_INFORMATION PROVIDED_
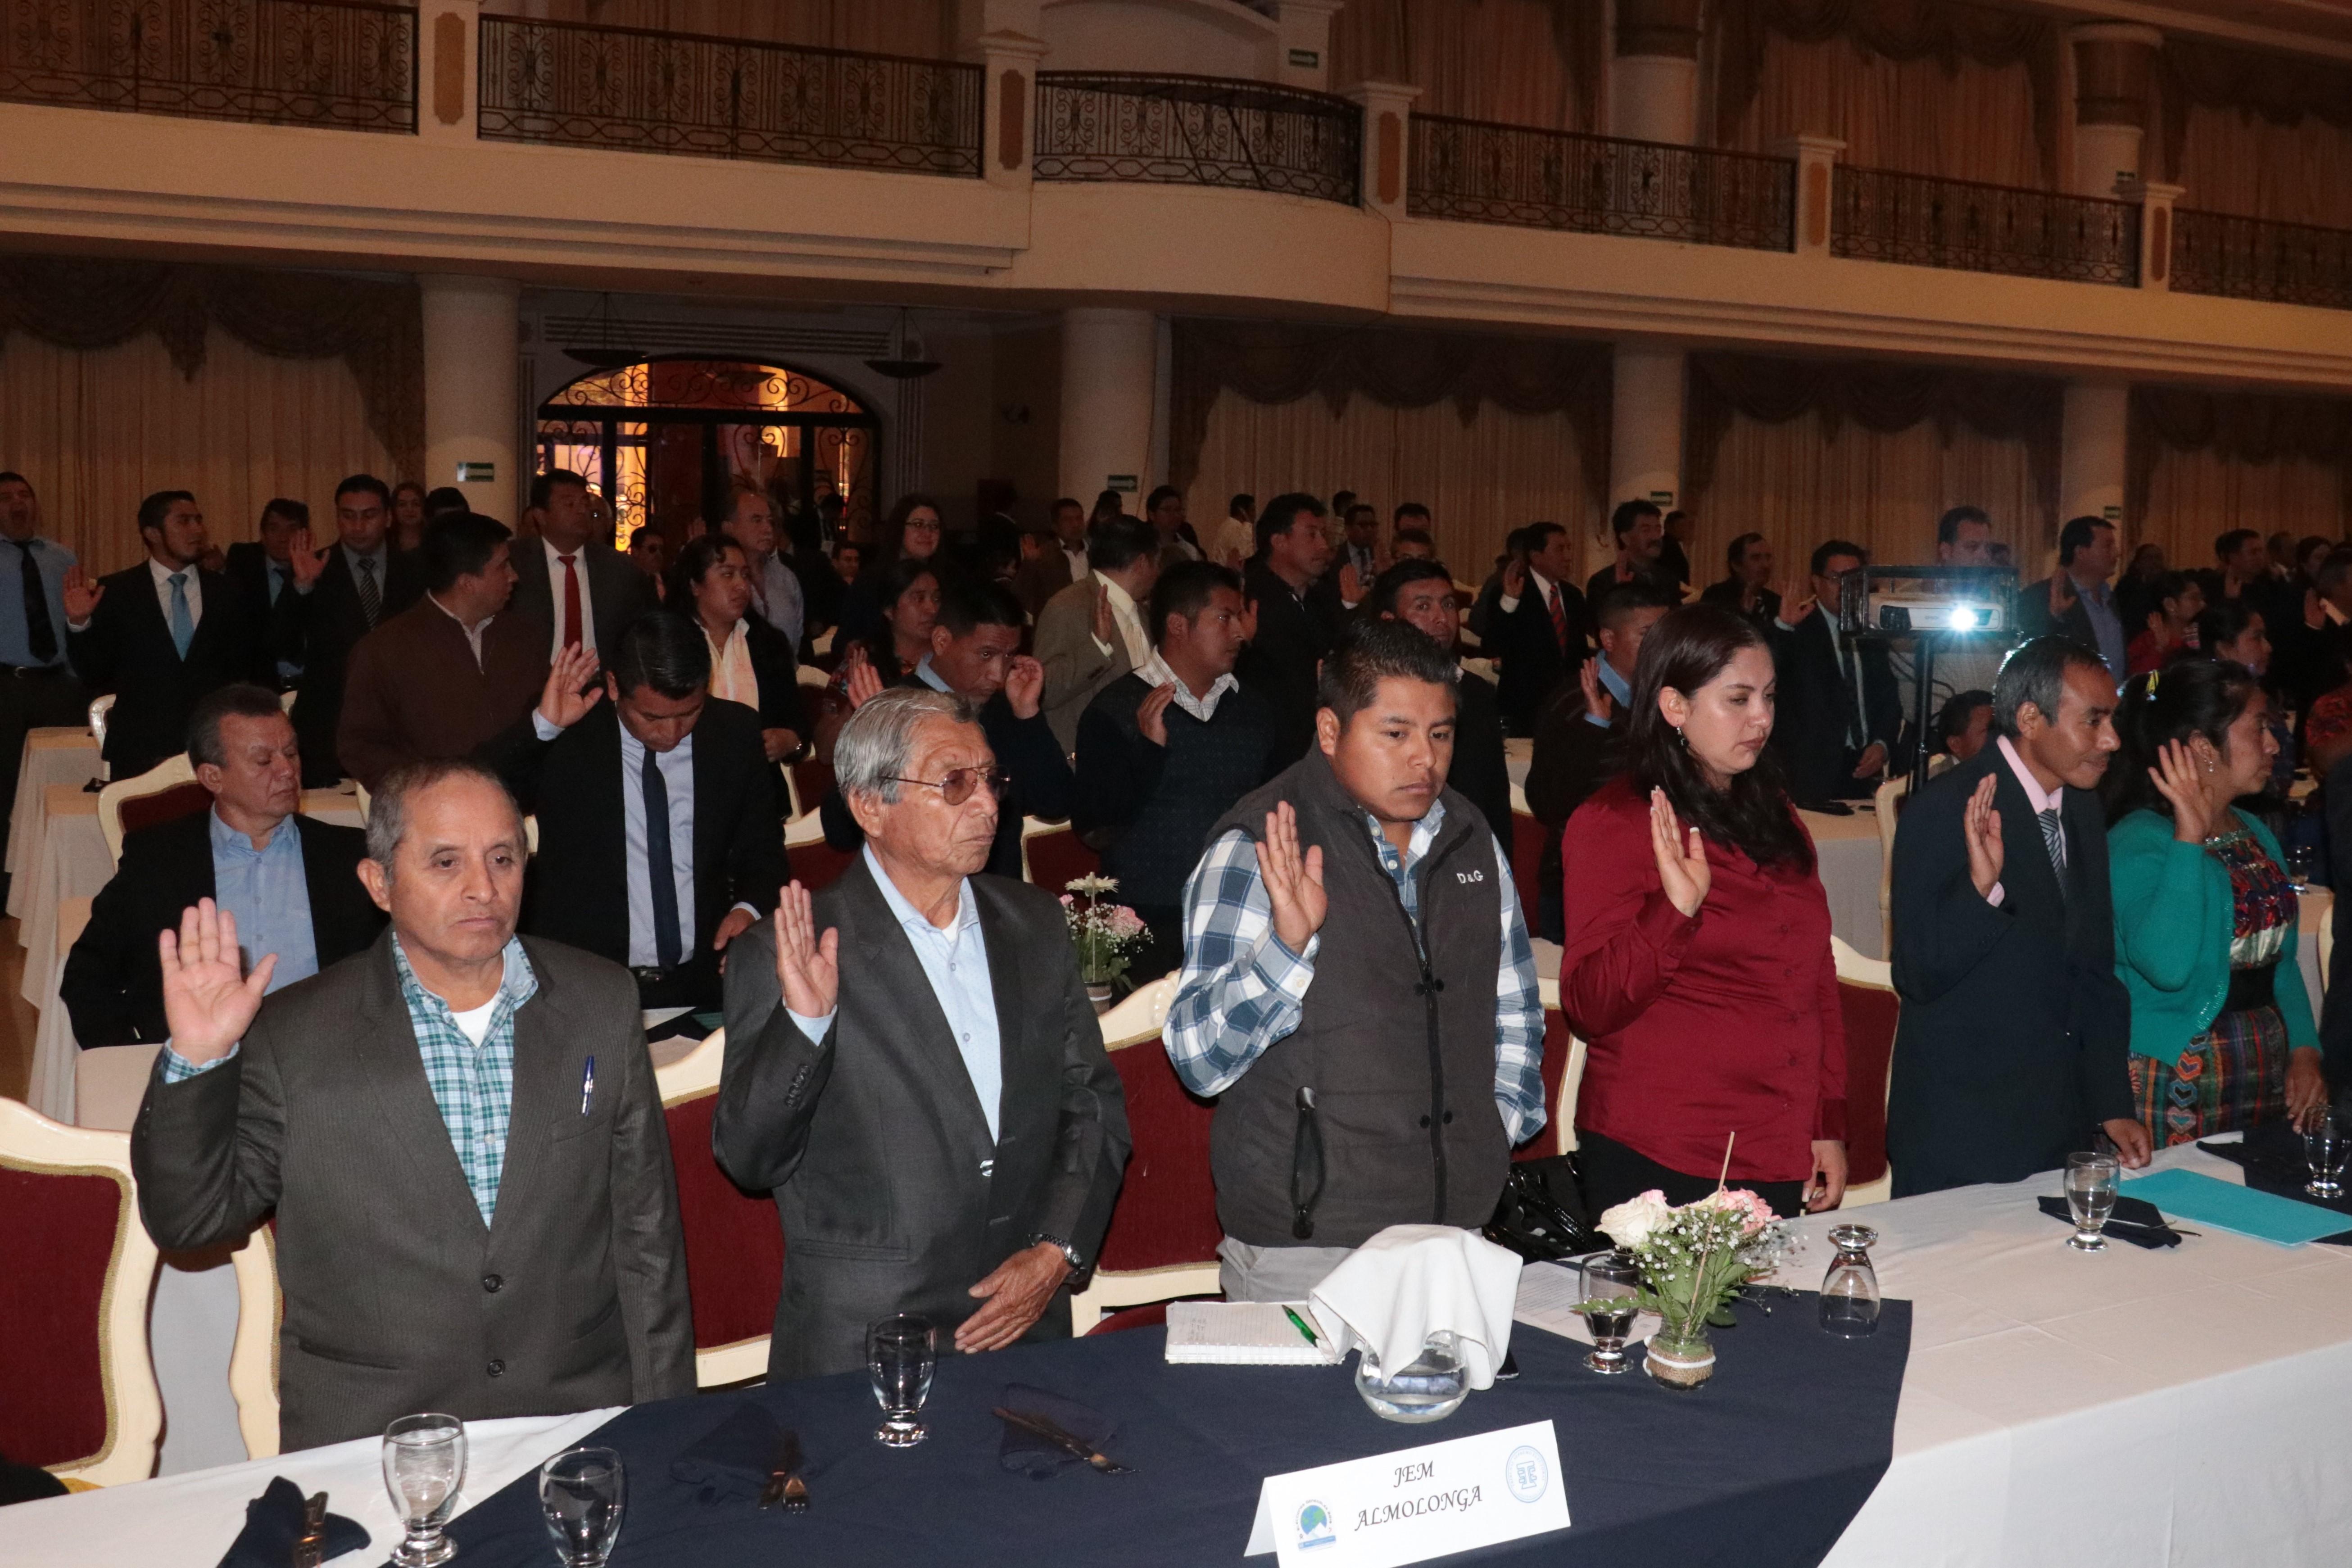 El Tribunal Supremo Electoral juramentó a los 120 integrantes de la juntas electorales municipales de Quetzaltenango. (Foto Prensa Libre: Raúl Juáreaz)
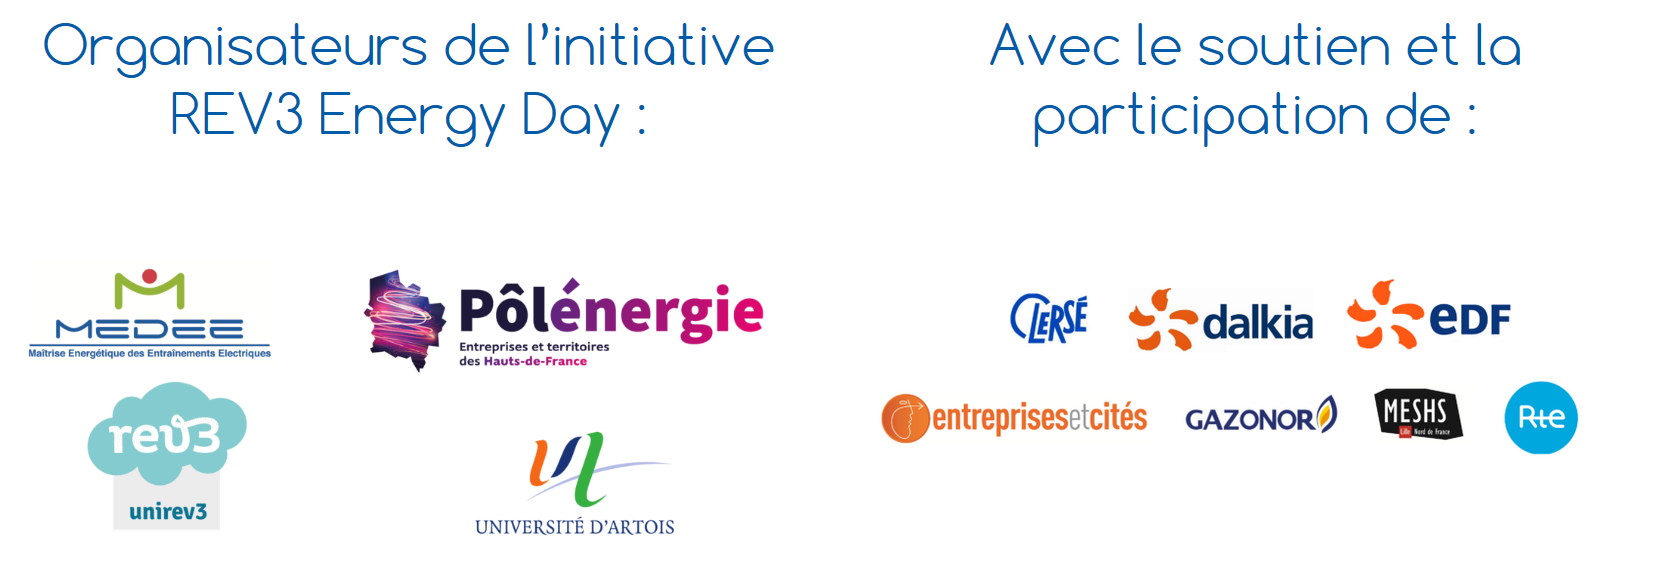 partenaires et sponsors de l'évènement edf rte gazonor dalkia clersé meshs entreprises et cités
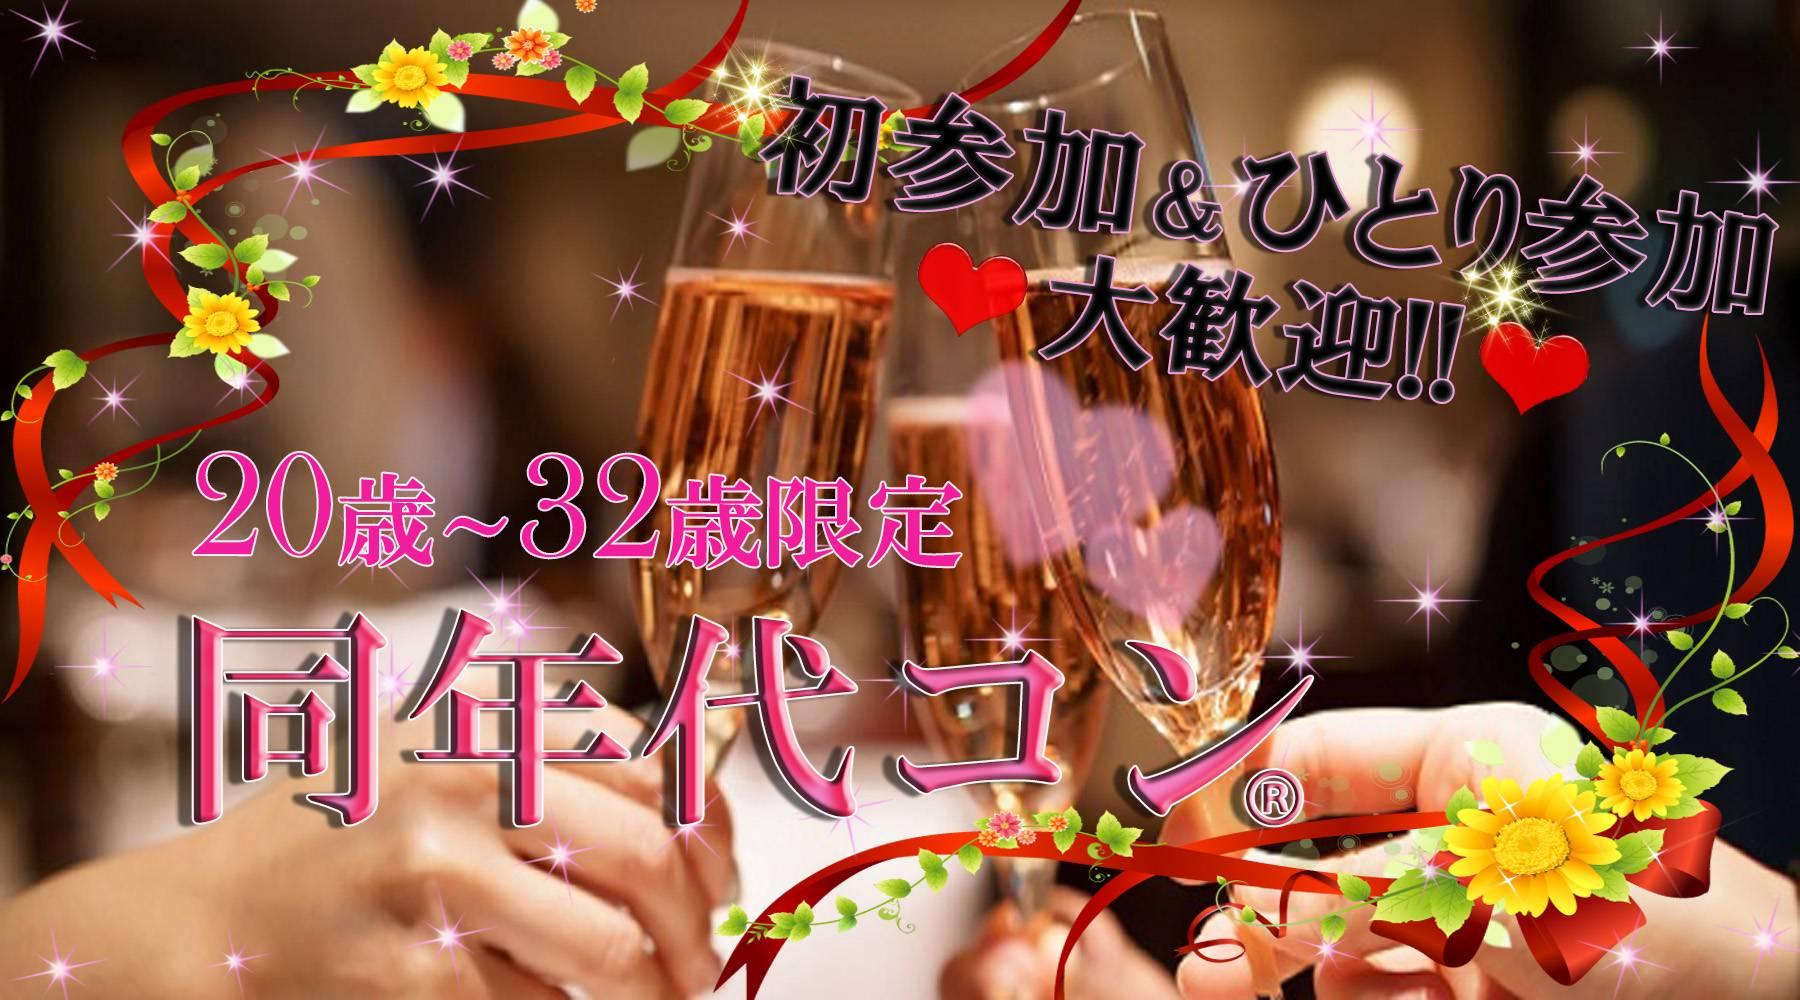 6/2同世代★20-32歳限定!プチ街コン(R)in富山

_YOUR OBJECTIVE_
Only the lines from the one containing "partenaires et sponsors" through the last line of the material should be returned, exactly and without pictures.

_EXPECTED ANSWER_
 partenaires et sponsors de l'évènement edf rte gazonor dalkia clersé meshs entreprises et cités
 6/2同世代★20-32歳限定!プチ街コン(R)in富山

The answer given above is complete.